Chikungunya is an acute debilitating arthritogenic disease, caused by chikungunya virus (CHIKV) belonging to Alphavirus genus; family Togaviridae, which consists of Alphavirus and Rubivirus genera. Approximately, 40 alphaviruses can infect vertebrates such as humans, rodents, birds, and horses, along with invertebrates. Mosquito vectors are responsible for the transmission between species, thereby rendering alphaviruses to be considered as arboviruses. CHIKV is an enveloped particle and has a single-stranded RNA genome of positive polarity. The genome is approximately 11.8 kb in length [28]. Under electron microscopy in green monkey kidney (Vero) cells CHIKV particles reveal a characteristic Alphavirus morphology.
CHIKV genome consists of polyadenylated RNA and is capped, which encodes two open reading frames (ORFs). Two-third of the genome includes the 5′ ORF that encodes four nonstructural proteins, which are involved in genome replication, capping of RNA, polyprotein cleavage, etc., essential for viral replication. This region is expressed as an nsP1-3 or nsP1-4 polyprotein via cap-dependent translation, which is further cleaved by an nsP2-encoded protease. In context to the structural protein ORF, it is embedded in a subgenomic mRNA, and is translated into proteins via a cap-dependent mechanism. This structural ORF polyprotein is finally cleaved into capsid, envelope glycoproteins E1, and glycoprotein E2. The mature virion comprises 240 heterodimers of E2/E1, which are arranged as trimeric spikes on its surface, and has a diameter of 70 nm (Figure 3). After being translocated by the secretory pathway, these heterodimer spikes penetrate into the plasma membrane of infected cells, and cytoplasmic nucleocapsids containing the genomic RNA and 240 copies of the capsid protein bud from the cell surface for assembly of the virion envelope and envelope protein spikes [28].
CHIKV genome, binding, and entry into host cells followed by replication.
During early infection, the nonstructural proteins are synthesized directly from the two third of genomic RNA as a P1234 polypeptide that is further cleaved to form Nsp1, Nsp2, Nsp3, and Nsp4 nonstructural proteins. Nsp1 protein is involved in the synthesis of minus-strand RNA, in addition to building association of the replication complex with cellular membranes. Nsp2 protein acts as a helicase and proteinase that cleaves the nonstructural polyprotein to form the individual nonstructural proteins [30]. The function of Nsp3 in viral replication is largely unknown, however, it is probably involved in RNA synthesis [28]. Nsp4 interacts with the N terminal region and other nonstructural proteins and host factors, and acts as the viral RNA polymerase.
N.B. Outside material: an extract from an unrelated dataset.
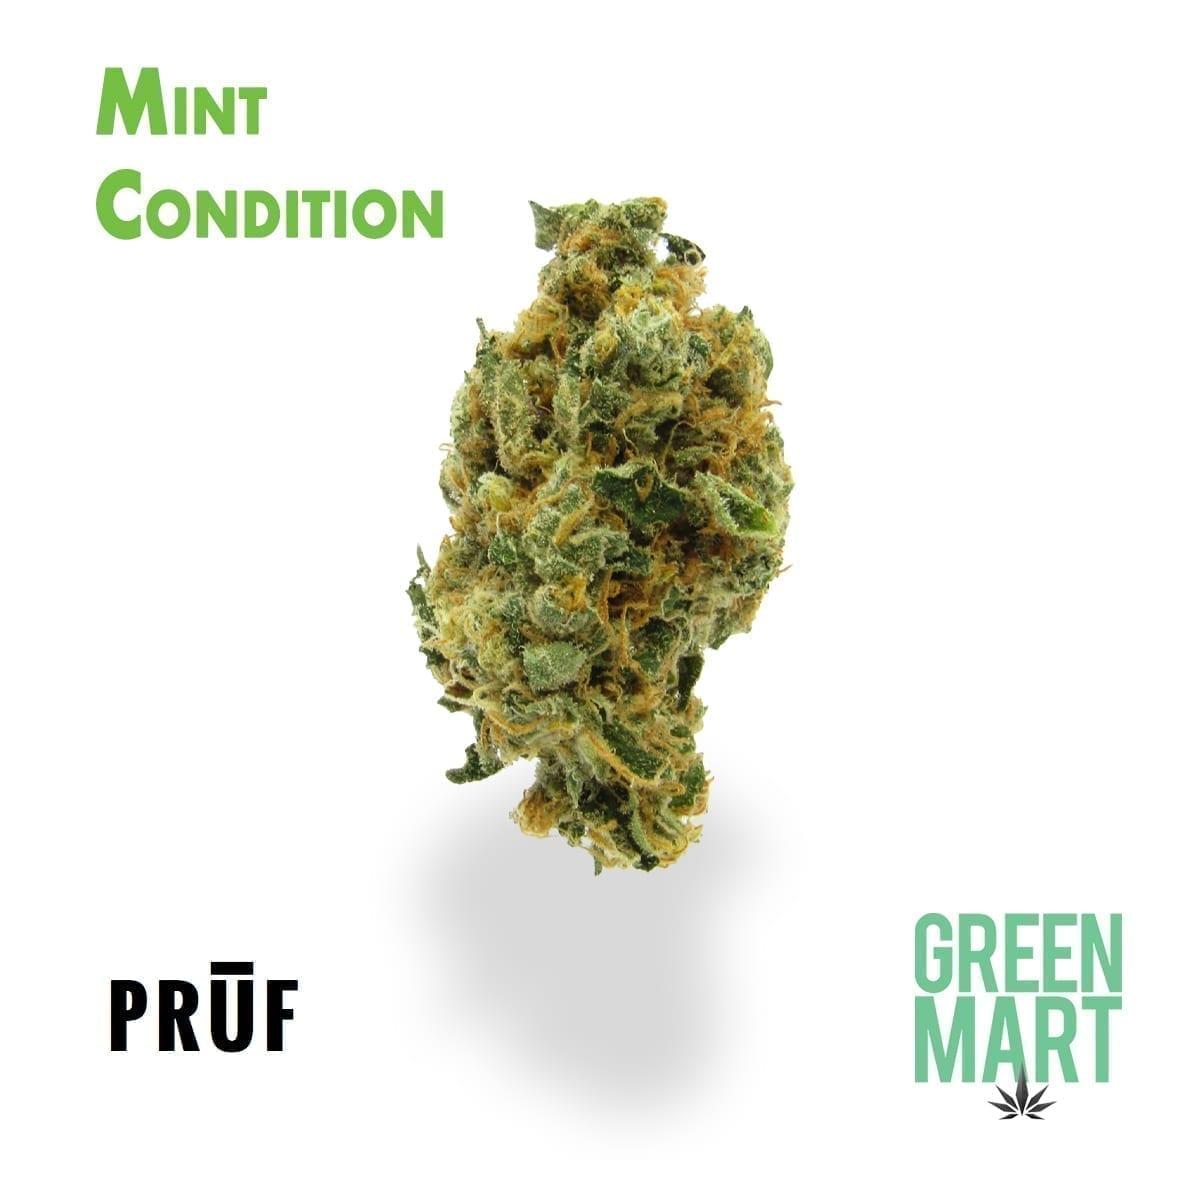 Pruf Mind Condition Flower

The sub-genomic mRNA (26S) synthesizes single polypeptide that comprises the structural proteins, such as capsid, E3, E2, 6K and E1. These proteins are then cleaved co-translationally and post translationally to form the functional structural proteins. These structural proteins have important functions during virus replication and particularly, in the interaction with the host. Such interaction with the host was first presented by the production of antibodies that played important roles in the recovery from infection [31].
The region between the nonstructural and structural domains is called the “junction region,” which enhances the transcription of an intracellular subgenomic 26S RNA. There are two other untranslated regions, along with the junction region; one at the 5′-end, which is required for the synthesis of the plus-strand [25], and the other at the 3′ end between the stop codon of the E1 gene and the poly (A) tail. This region is mainly involved in translation of viral proteins rather than in replication of the genomic RNA [28, 32].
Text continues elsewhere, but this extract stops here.